- [Recorded data]
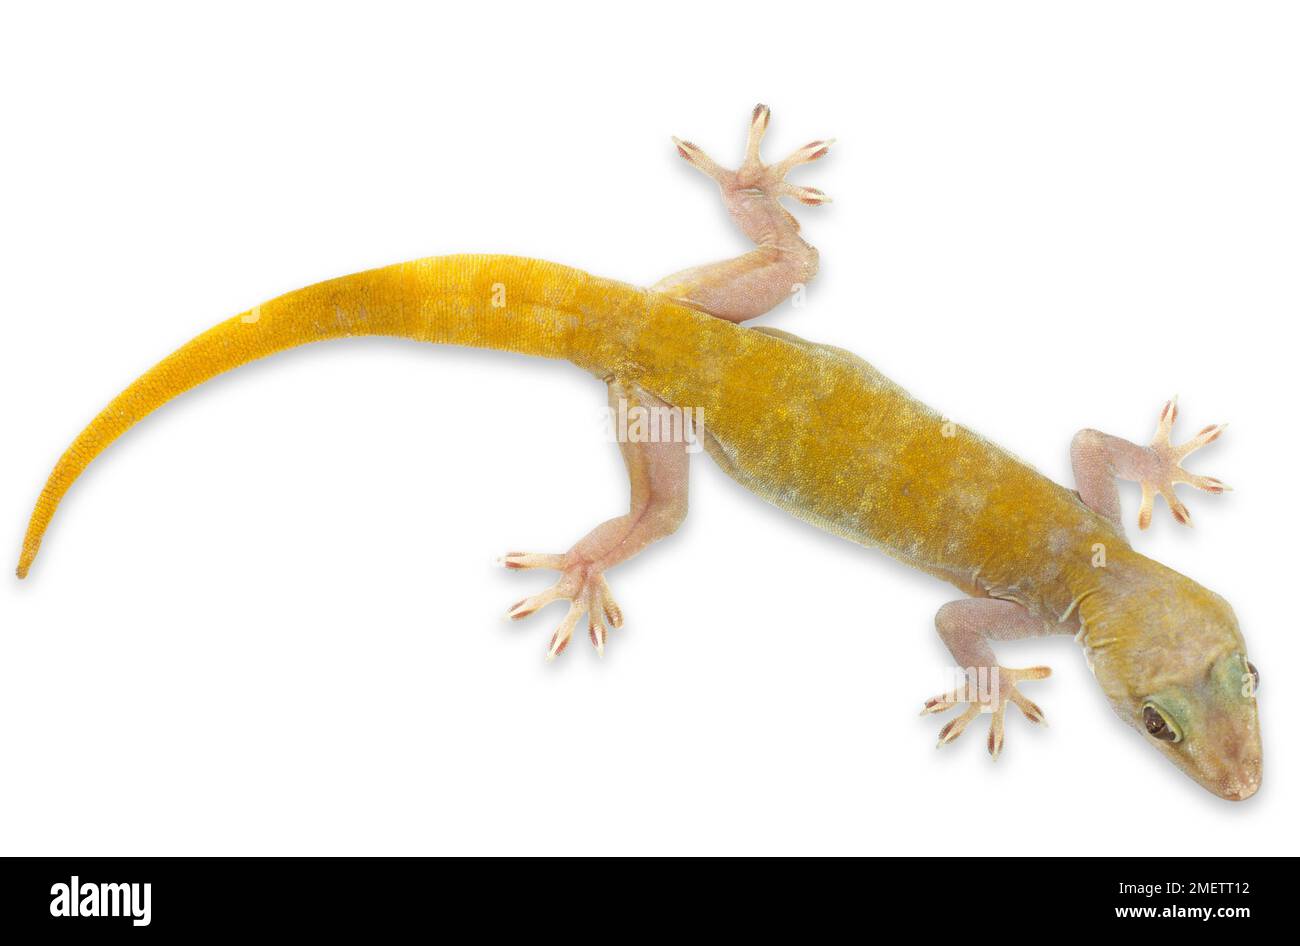 Golden Gecko (Gekko badenii) Stock Photo
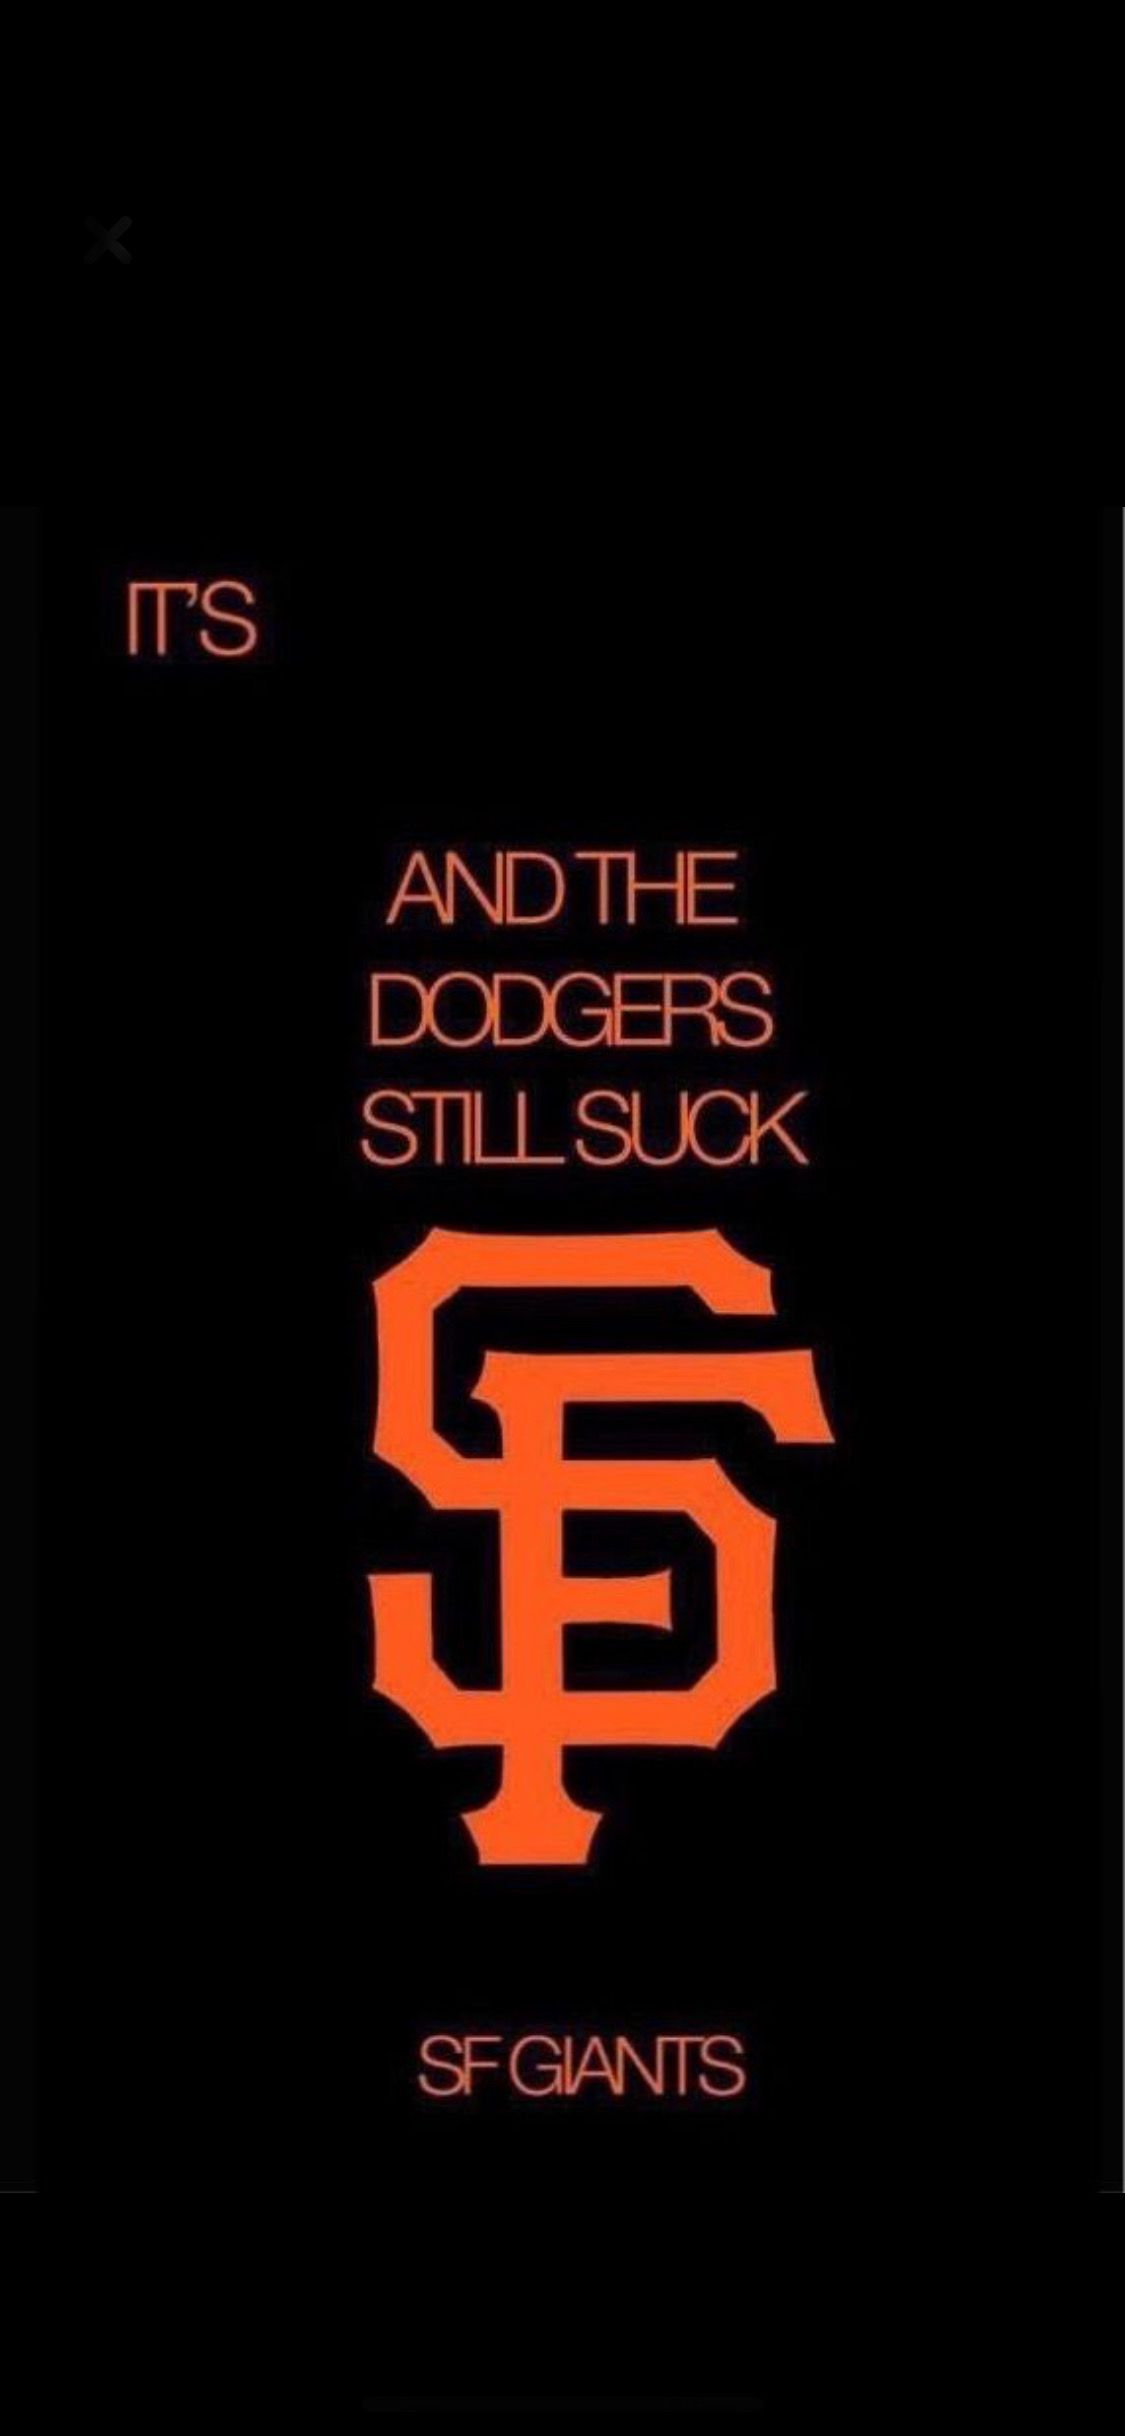 SF Giants iPhone X Lock screen wallpaper! #giantsbaseballlove #suckitdodgers. Sf giants, San francisco giants baseball, Baseball wallpaper
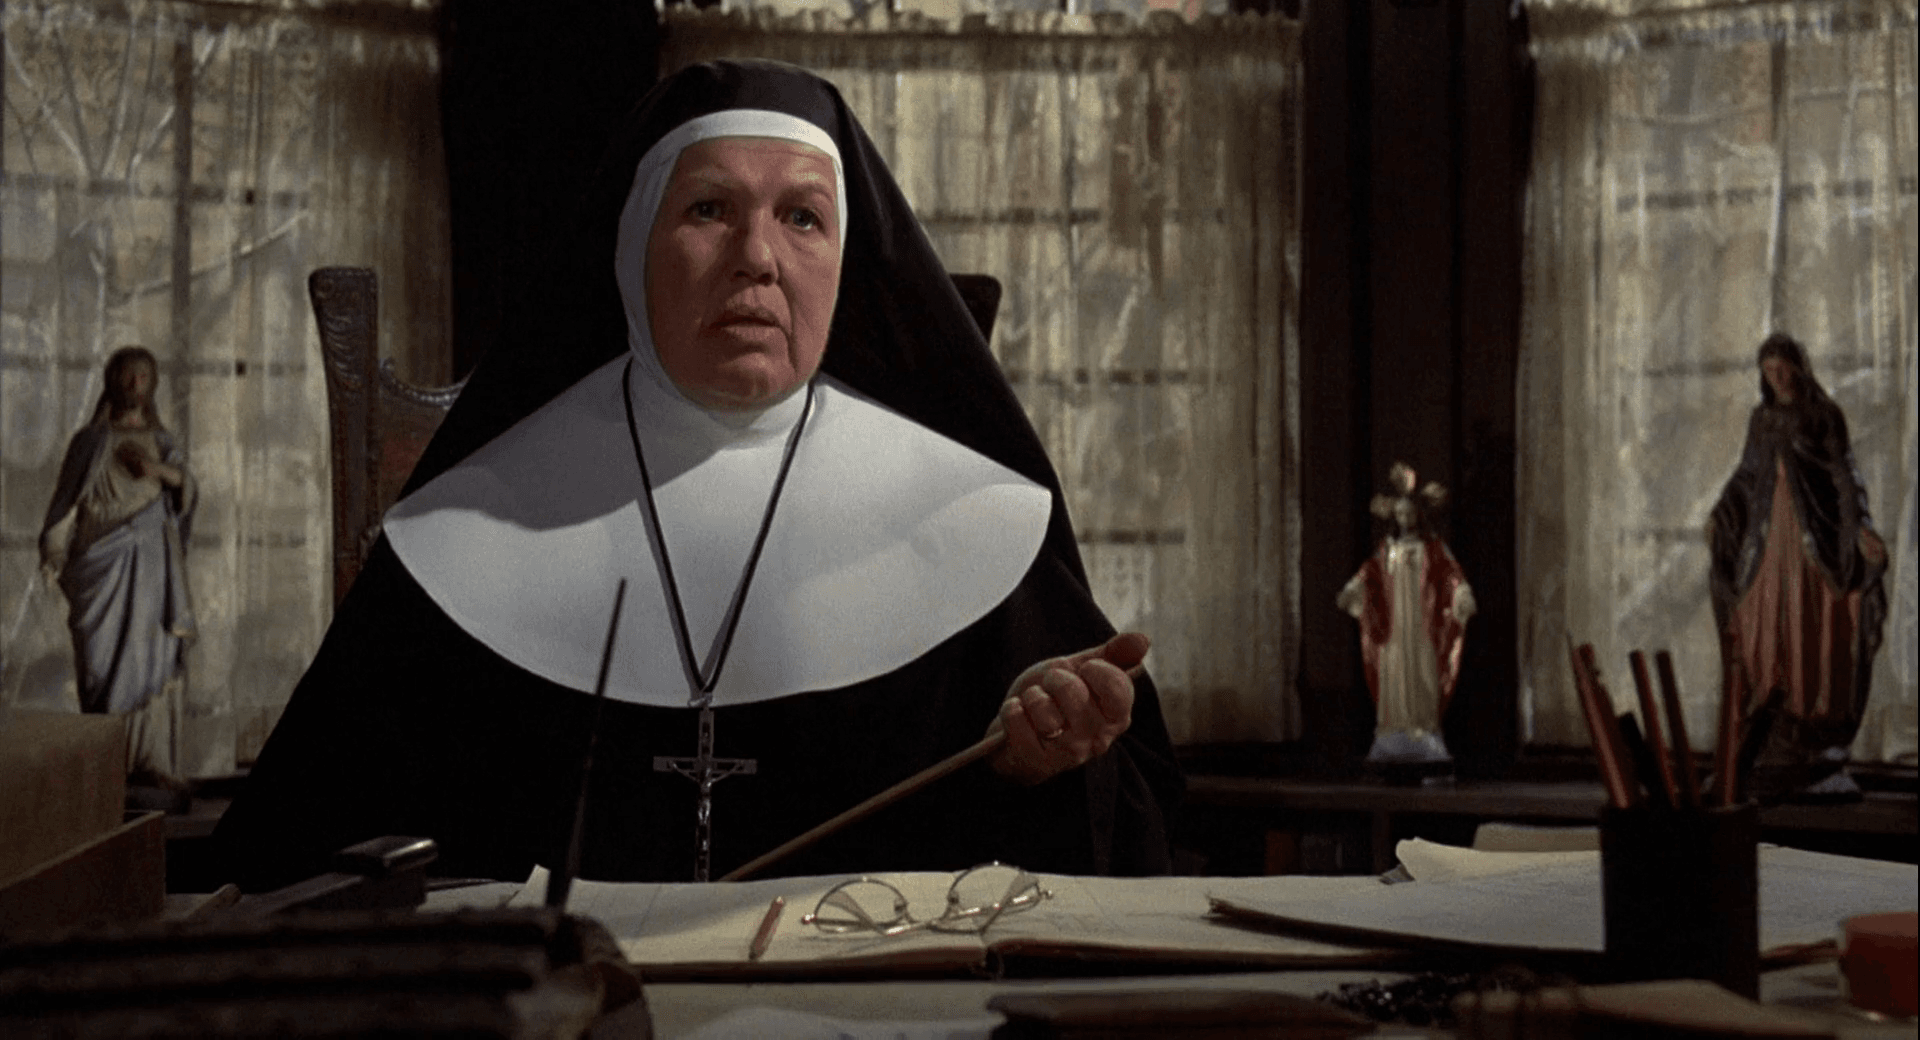 Sister Mary Stigmata with Ruler
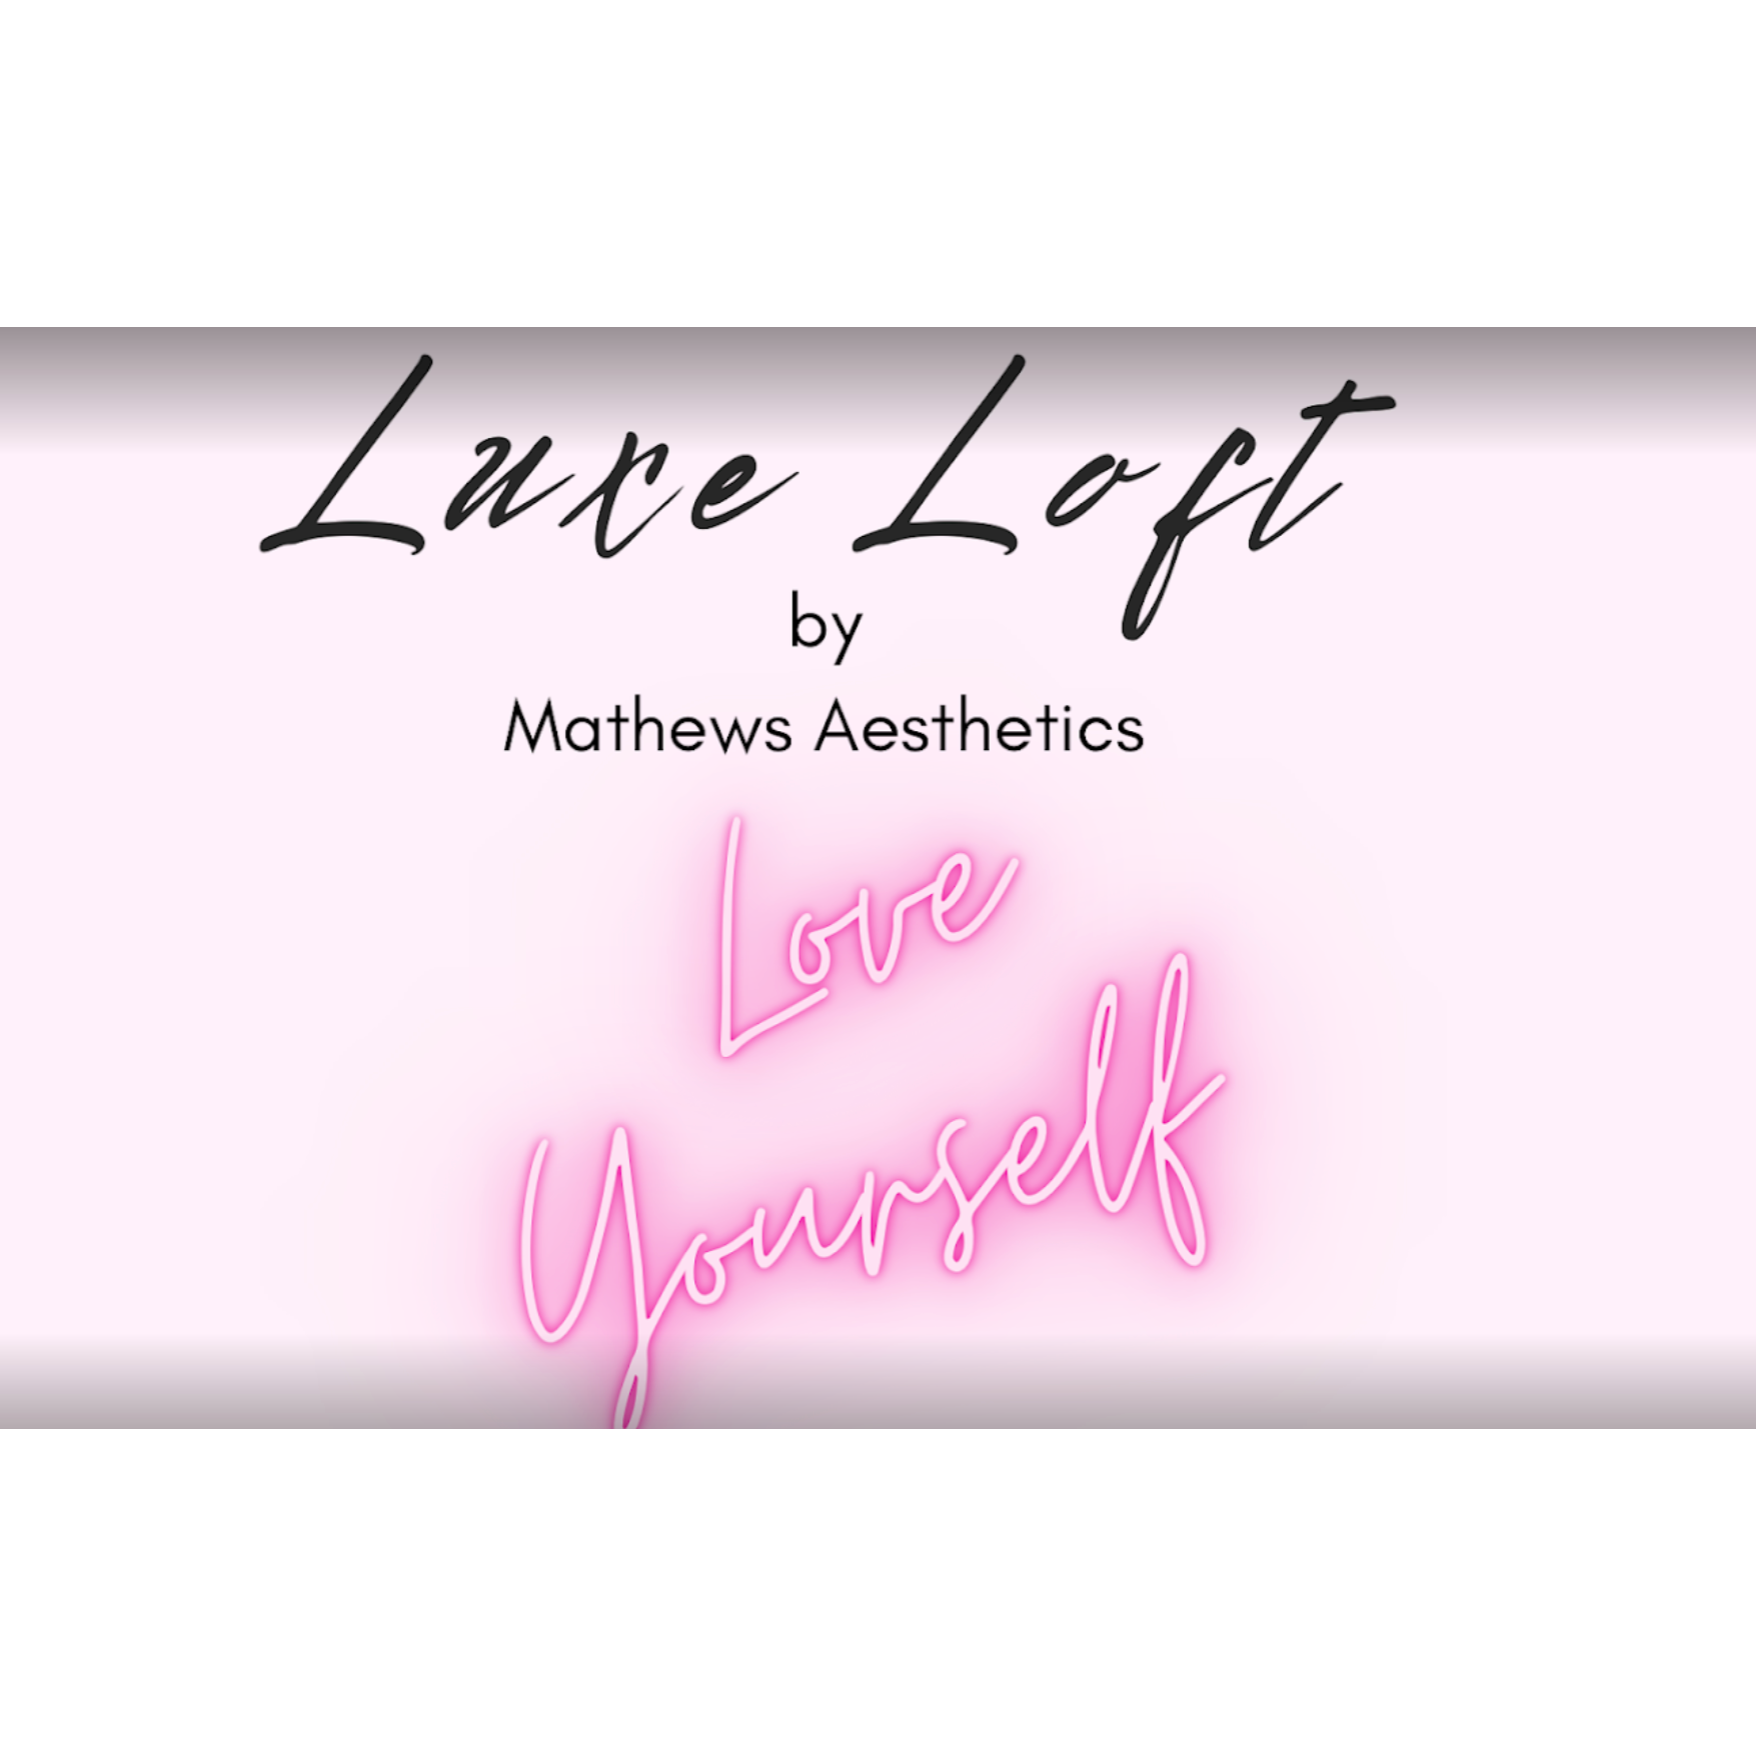 Luxe Loft by Mathews Aesthetics

- [What is being asked] Would you restate word for word only the lines from the line with "Sister Mary Stigmata with Ruler" to the last line above, with the pictures left out?

- [Answer area]
 Sister Mary Stigmata with Ruler
 Luxe Loft by Mathews Aesthetics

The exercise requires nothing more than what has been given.